DC is a multifactorial and dynamic condition that causes demineralisation of dental hard tissues [1]. DC is triggered by acid-producing bacteria such as Streptococcus mutans [2] and Lactobacillus [3,4,5]. This production of acid results in the development of tiny cavities, which can progress deeper, affecting the dentin and pulp if left untreated [6, 7]. A diet high in carbohydrates provides the necessary substrate for cariogenic bacteria to produce acid [8]. Moreover, inadequate oral hygiene practices, such as irregular brushing and flossing, trigger bacterial growth and acid production [9]. Several factors contribute to the development of dental caries: microbiota [9], diet [10], oral hygiene [11] and genetics [12]. This genetic predisposition is related to gene variations associated with enamel formation, saliva composition, immune response and host gene interaction mechanisms. Among these factors, the genetics of DC have been less studied.

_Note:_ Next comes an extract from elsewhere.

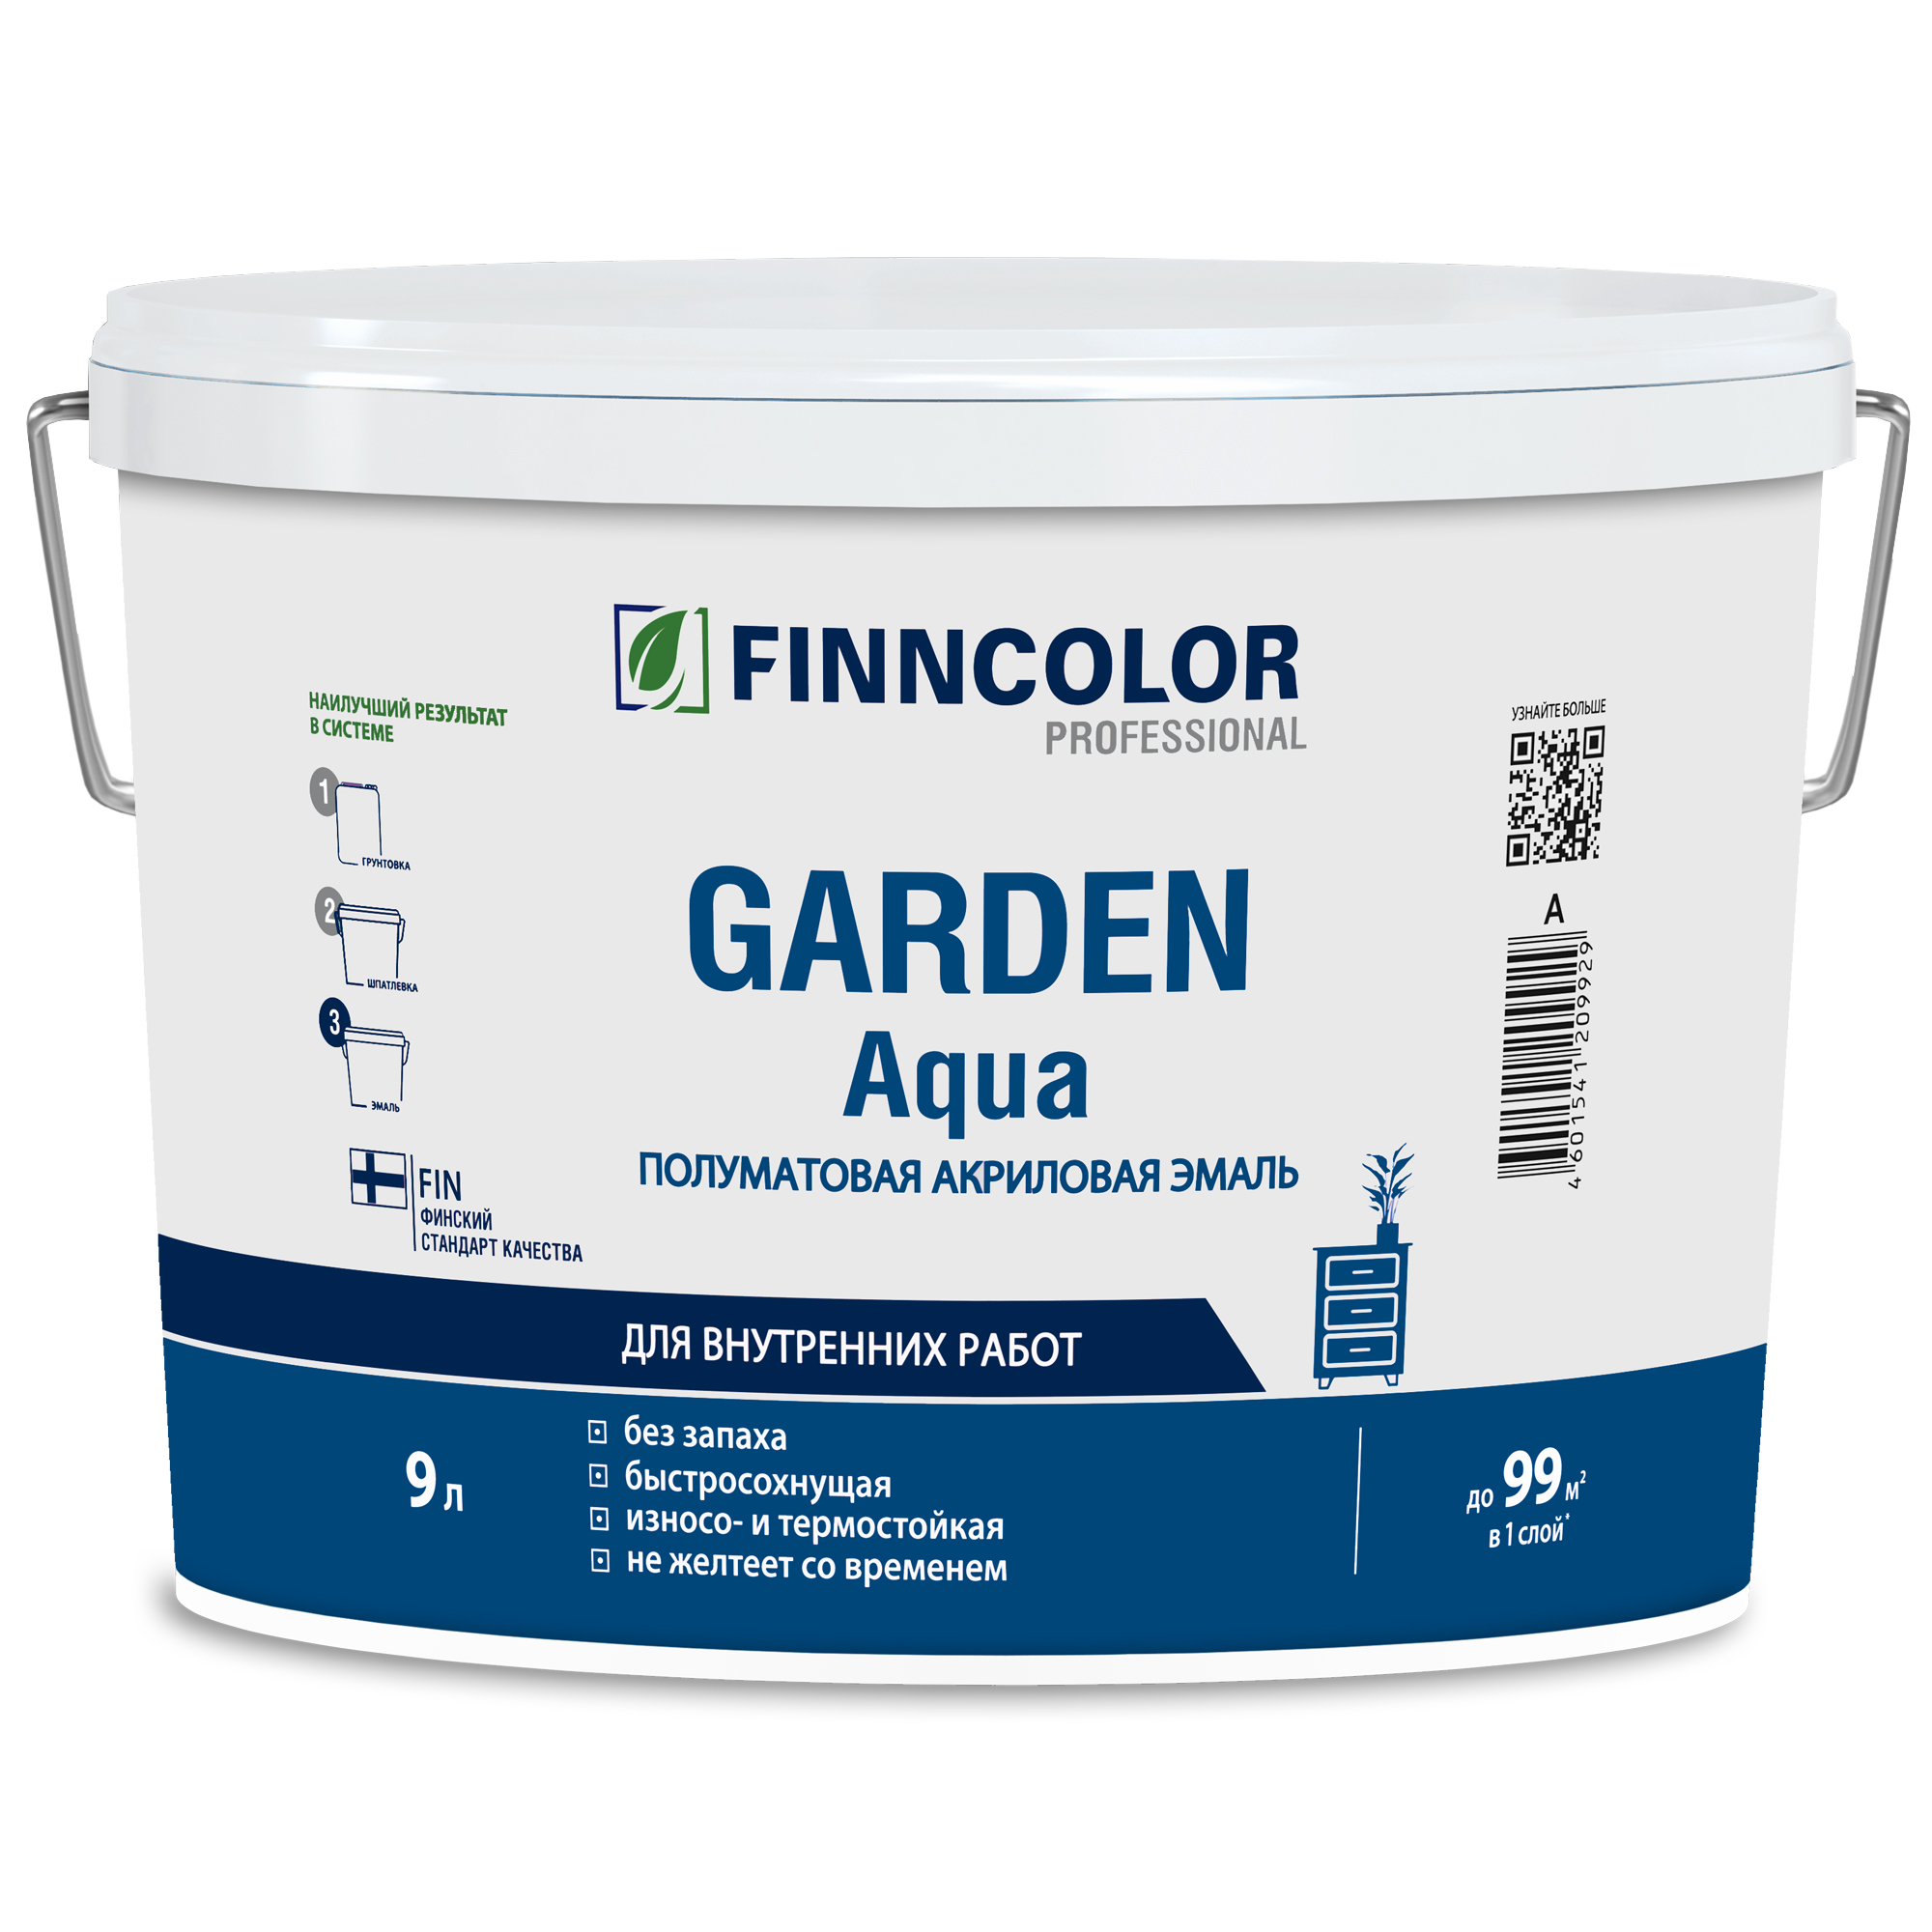 Finncolor Garden Aqua

Over the years, researchers have conducted Genome-Wide Association Studies (GWAS) to identify variations associated with dental caries susceptibility [13,14,15]. These studies have shed light on the genetic components contributing to an individual’s risk of developing DC [16]. Interestingly, many variants discovered through GWAS were novel, with a limited number successfully replicated in other population groups. This observation underscores the complicated nature of the DC progression. Variations within these genes have been linked to enamel mineralisation and depletion, which can impact an individual’s susceptibility to dental caries. Variations in genes related to immune response [17, 18] have been linked to variations in the host’s ability to control bacterial growth in the oral cavity. Some GWAS studies have explored the genetic variations in Streptococcus mutans itself [14], the primary cariogenic bacteria. SNPs in Streptococcus mutans adherence genes may affect the bacterium’s ability to colonise and adhere to tooth surfaces [19].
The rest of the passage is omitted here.